「神野くん投げ終わったね。」

岡本先輩のその言葉で再びグラウンドに目をやると、仁がマウンドからベンチに戻っているところだった。


相手の得点はなく、1回は両チーム得点は入らなかった。


「真里亜ちゃんは神野くんのこと好きじゃないの?」


「それは、わかりません。ただの友達として好きっていう感じというか。」

「じゃぁどうしていつも神野くんばかり見てるの?それも友達として気になるから?」


そんなことを言われても、私本当に仁のことは友達として見てる、はずだから。

「もういいじゃないですか。応援しましょうよ。」


「神野くんを?」

「みんなを、です。

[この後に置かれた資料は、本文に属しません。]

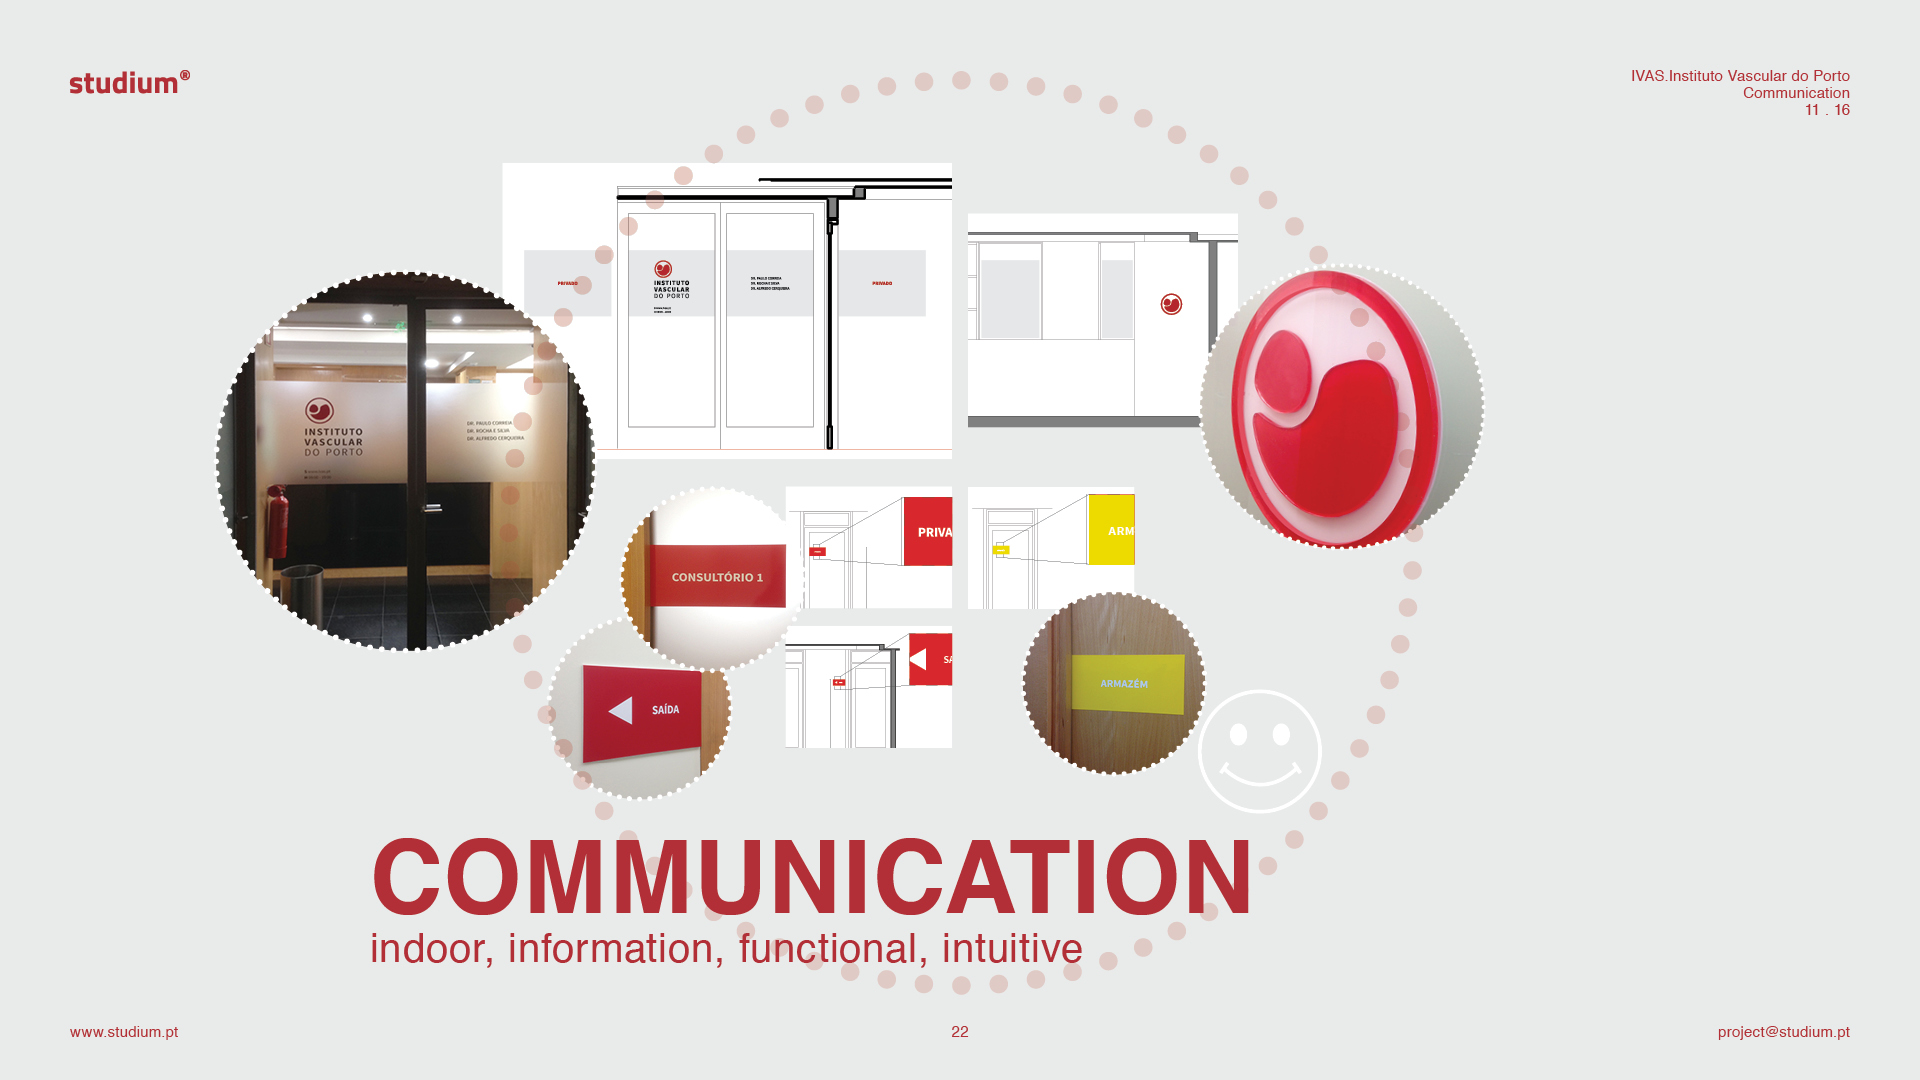 DSN20150055-IVAS-Comunicacao-PU.022
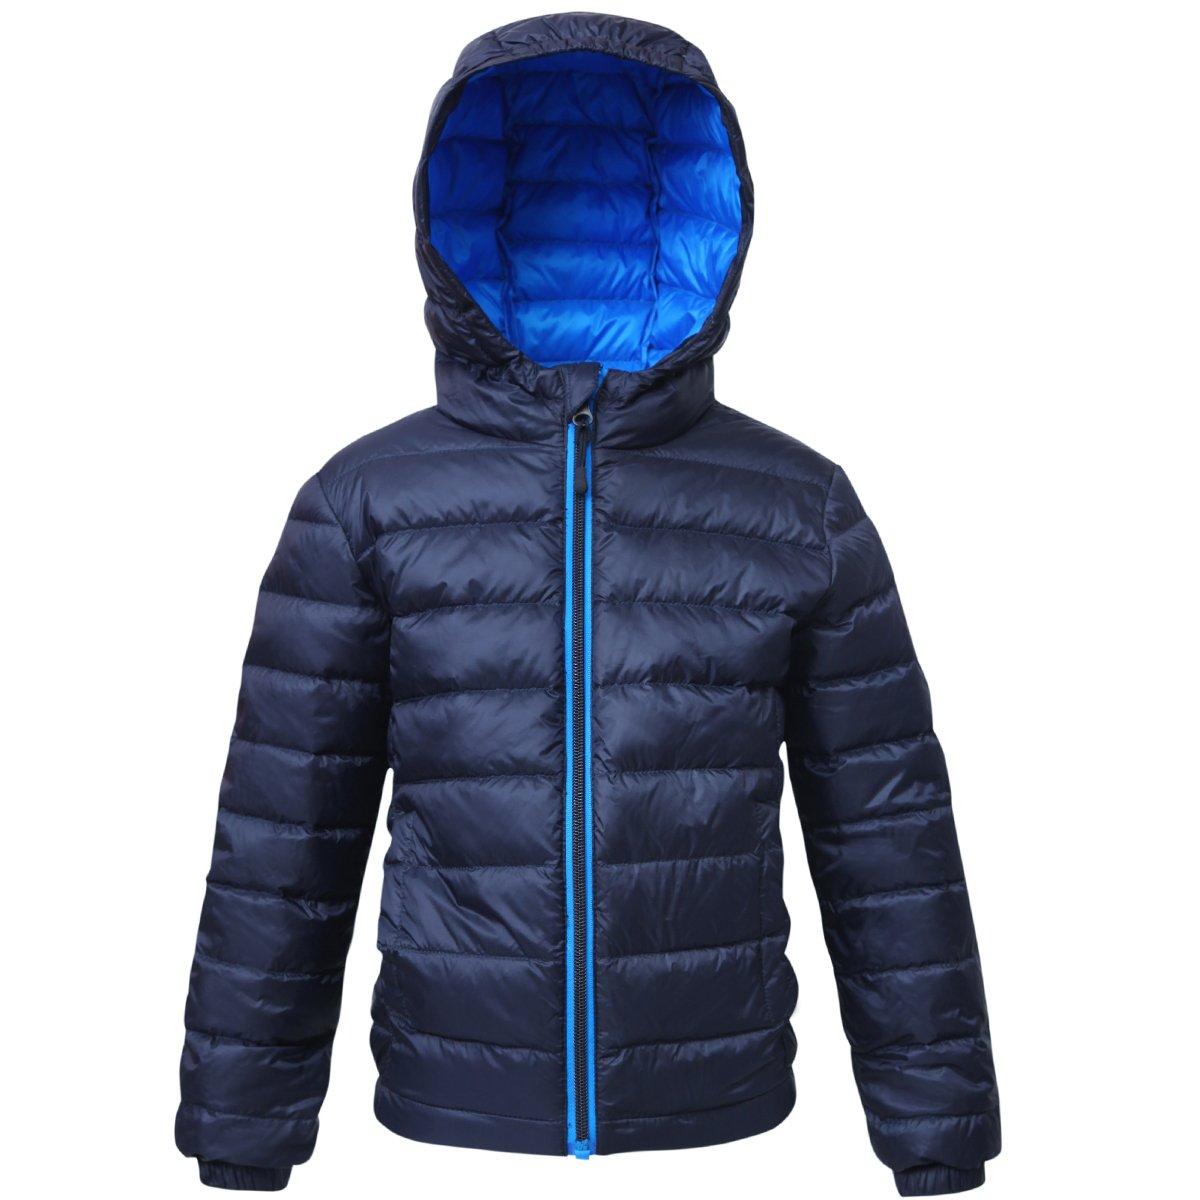 Rokka Rolla Boys' Ultra Lightweight Hooded Packable Puffer Down Jacket

」


話をそらそうとしたのに、それでも尚、仁を絡めてくる岡本先輩。

4番の田中先輩が出てきた。


今日もいいバッティングを期待して、みんなで応援をする。

でも、私はベンチにいる仁のことを見ていた。


無意識に。


声では、口では、田中先輩を応援してるのに、頭の中では仁のことを考えていた。


ベンチにいる仁は笑ってた。

きっと、楽しくて仕方ないんだ。


隣には尾崎先輩がいて、時々話しかけているのが見えた。


二人で笑いあっているときもあって、何がおもしろいのか楽しいのか気になる。


きっと、私があの場所にいたらすぐに聞きに行くと思う。


でも今は、そんなことできない。



―――寂しいな。


「まーりーあちゃーん。」

「岡本先輩、その呼び方なんですか。」


「愛しの仁くんが気になるんでしょ。」

「ち、違いますって!」


愛しのって、私がいつそんなことを言ったんですか。